Water cuts have continued in Bulawayo as the Zimbabwe National Water Authority (Zinwa) last week said Mtshabezi Dam was now 30,3% full, while Mzingwane Dam is at 20,7%, Upper Ncema 29,2%, Lower Ncema 13,5%, Inyankuni 38,3% and Insiza Dam 45% full.

During the peak of Bulawayo's water crisis last year, Bulawayo City Council (BCC) introduced watershedding to preserve the remaining water to take the city up to the rainy season.

When the water situation became worse after the city decommissioned three of its six supply dams, the city council suspended water-shedding, saying that it would only be able to provide water when there was enough capacity to do so.

As a result, some Bulawayo residents have gone for periods ranging from a month to a year without water coming out of their taps.

Bulawayo United Residents Association chairperson Winos Dube said after the city received good rains, it was now time for the BCC to revise its water schedule.

"The BCC has to revisit its water schedule, more-so after there were significant inflows into our supply dams. Now that the decommissioned dams have been recommissioned, it does not make any sense for the city to continue with these painful restrictions of water shedding," Dube said.

Human rights activist Effie Ncube said: "It is high time the BCC adjusts its water-shedding schedules so that throughout the whole of Bulawayo, water is available, even for at least 48 hours.

"As we speak, most of the areas in Bulawayo still go for more than a week without water. This is very dangerous at a time people need water to fight the COVID-19 pandemic."

BCC acting town clerk Sikhangele Zhou said they were still fixing the problems of water pumps that had broken down during the time dams were decommissioned.

"The contractors are still on the site as we speak. They are rectifying the failed pumps. We hope that by next week on January 25 (today), the problem will have been solved," Zhou said.

Meanwhile, the Bulawayo Water Action Group (BWAG) said it would begin a nine-week-long non-violent online water activism programme, which would start today until March 22, the United Nations World Water Day.

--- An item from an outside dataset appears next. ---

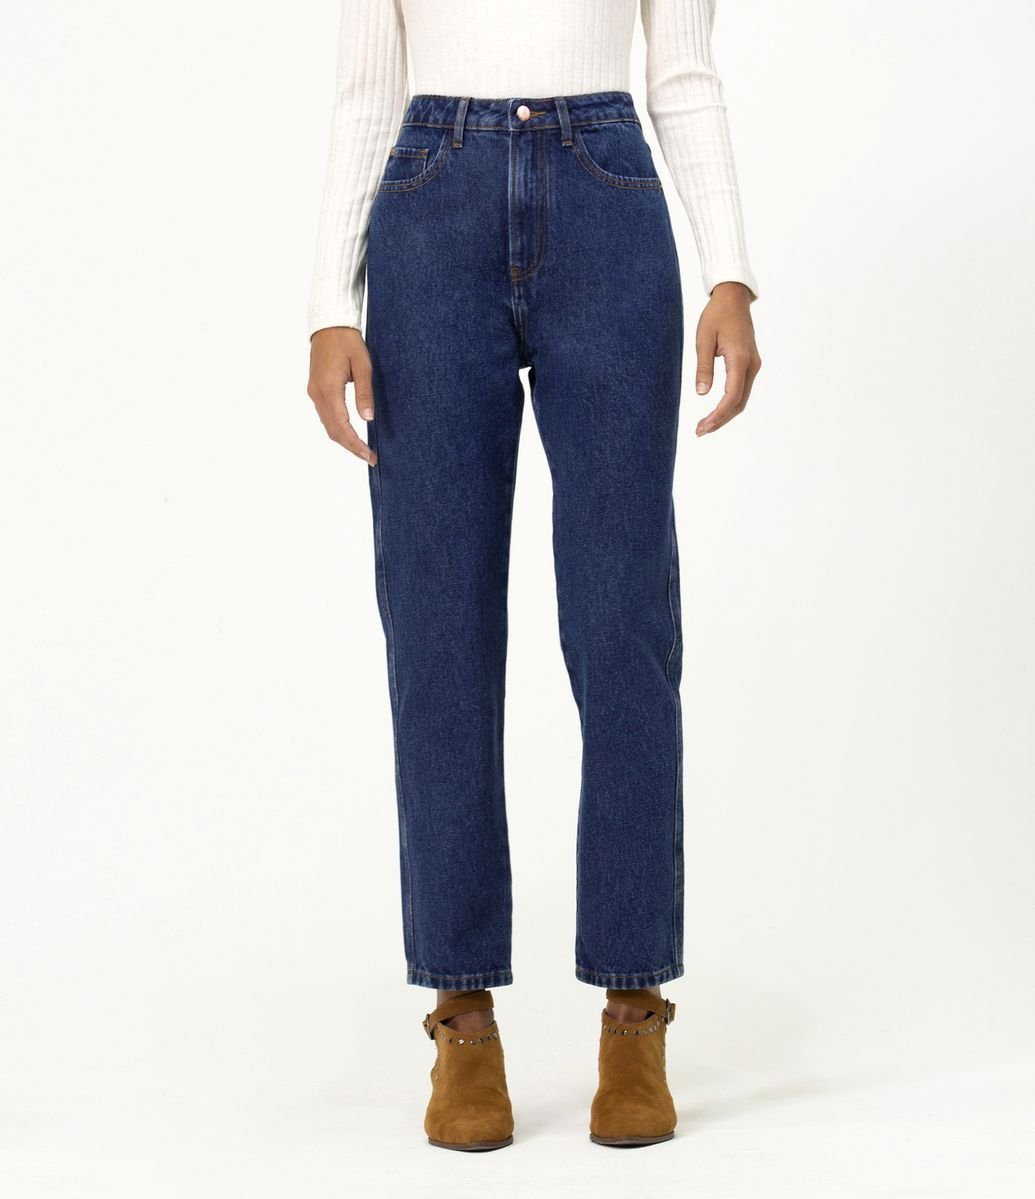 0677de479fed Calca Jeans Mom Lisa - Renner

"The main purpose of these actions is to create awareness on the power of citizens to defend water rights, and to demand promotion of water rights by local and national authorities," BWAG said in a statement.

The water activists want government to devolve some bulk water rights to local authorities, and the BCC to create a separate water management department.

BWAG also demanded justice for families of the 13 Luveve residents who died last year due to contaminated water.